3° " hôpital " : l'hôpital, tel que défini à l'article 2 de la loi coordonnée du 10 juillet 2008 sur les hôpitaux et autres établissements de soins;

4° " hôpital général " : l'hôpital disposant de plusieurs services hospitaliers agréés conformément à l'article 72 de la loi coordonnée du 10 juillet 2008 sur les hôpitaux et autres établissements de soins;

5° " hôpital psychiatrique " : l'hôpital psychiatrique, tel que défini à l'article 3 de la loi coordonnée du 10 juillet 2008 sur les hôpitaux et autres établissements de soins;

6° " maison de soins psychiatriques " : la maison de soins psychiatriques telle que définie à l'article 538/1, 1° ;

7° " initiative d'habitations protégées " : l'initiative d'habitations protégées telle que définie à l'article 538/42, 1° ;

8° " service de santé mentale " : le service de santé mentale agréé, tel que défini à l'article 539/1, 1° ;

9° " réseau d'aide et de soins spécialisés en assuétudes " : le réseau d'aide et de soins spécialisés en assuétudes, tel que défini à l'article 625, alinéa 1er, 3° ;

10° " centre de référence en santé mentale " : le centre de référence en santé mentale reconnu, visé à l'article 491/32;

11° " centre de référence spécifique " : le centre de référence spécifique reconnu, visé à l'article 491/41;

12° " l'Agence " : l'Agence visée à l'article 2;

13° " le Ministre " : le Ministre qui a la santé dans ses attributions. ".

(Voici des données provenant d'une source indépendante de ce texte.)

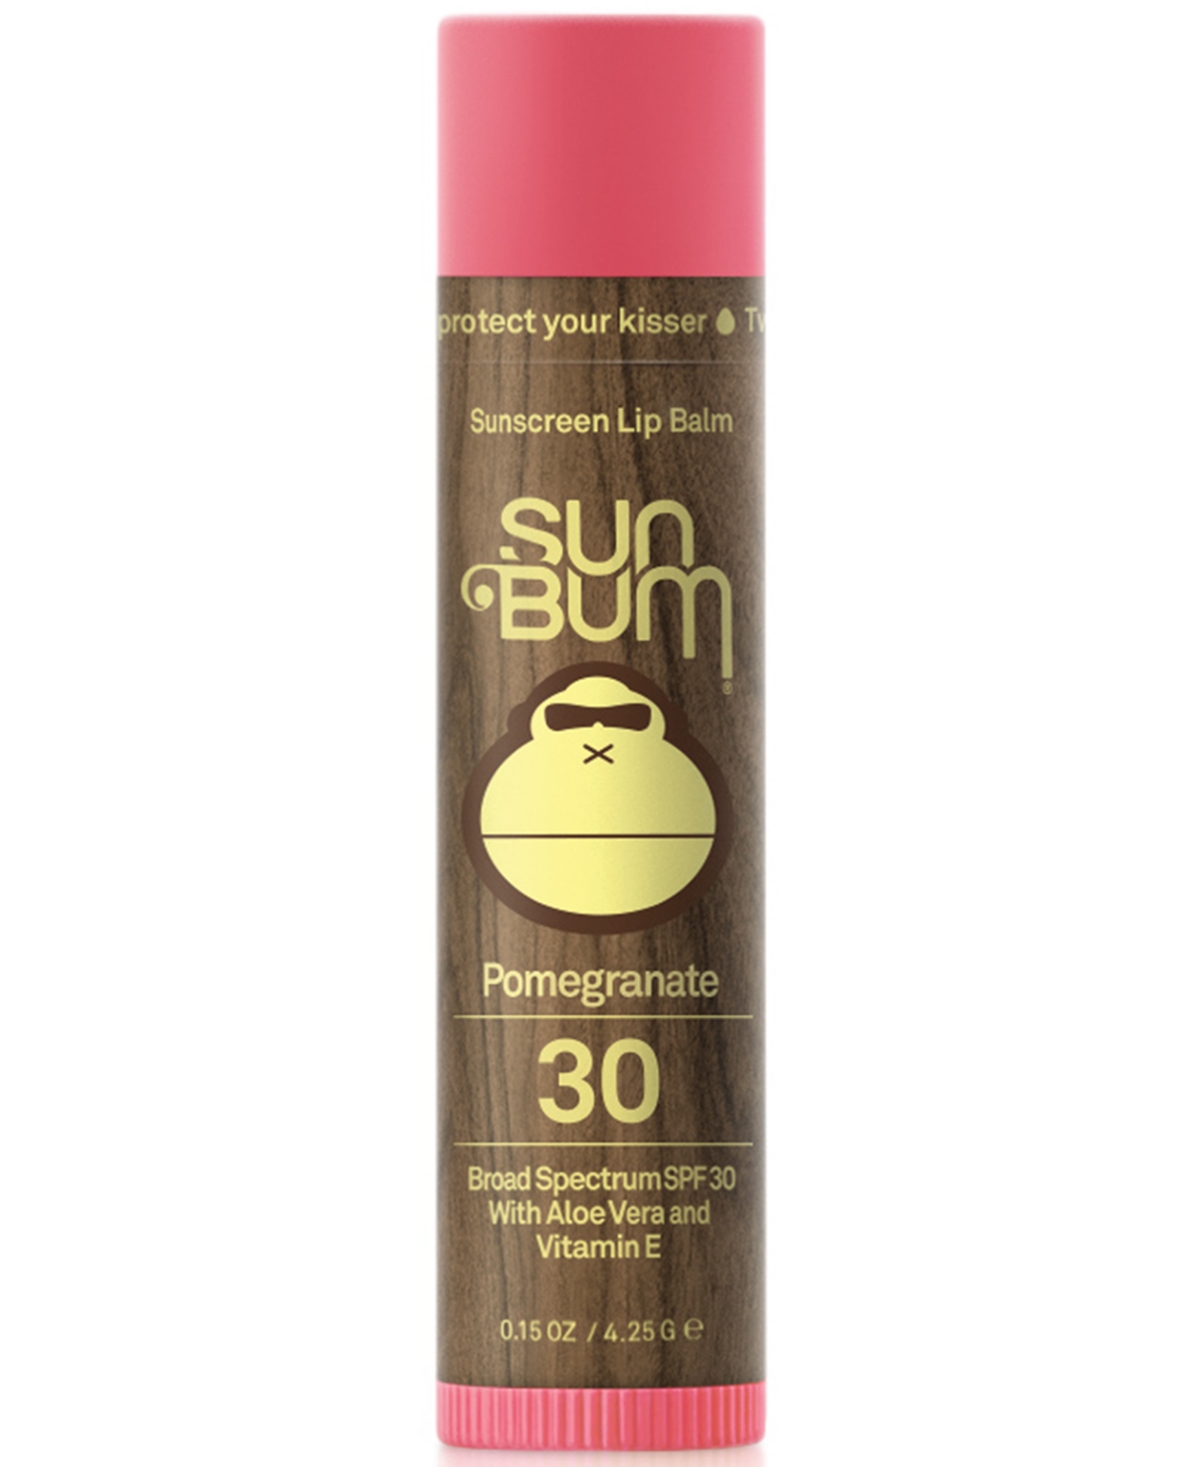 Sunscreen Lip Balm - Pomegranate

Article 272. Au chapitre IV du Titre II du Livre VI de la deuxième partie du même Code, il est inséré, après l'article 679/2, une section 2 intitulée " Missions ".

Article 273. Dans la section 2 du chapitre IV du Titre II du Livre VI de la deuxième partie du même Code, il est inséré un article 679/3 rédigé comme suit :

" Art. 679/3. Les plates-formes de concertation en santé mentale exercent les missions suivantes :

1° identifient l'offre de santé mentale et les besoins de soins en santé mentale sur leur territoire;

2° soutiennent l'amélioration de la qualité des soins en santé mentale sur leur territoire;

3° favorisent le partage des pratiques entre les acteurs du domaine de la santé mentale;

4° contribuent à l'élaboration, à la mise en oeuvre et à l'évaluation du plan stratégique pour la santé mentale pour la Wallonie visé à l'article 47/20, sur le territoire de langue française, sur la base de sa concertation territoriale locale, en regroupant tous les acteurs oeuvrant sur le territoire de la plateforme;

5° organisent la fonction de médiation en santé mentale, pour l'ensemble des dispositifs de santé mentale sur leur territoire et entre leurs membres;

6° collaborent, sur leur territoire, avec les réseaux de soins en santé mentale;

7° collaborent, sur leur territoire, avec les réseaux d'aide et de soins spécialisés en assuétude.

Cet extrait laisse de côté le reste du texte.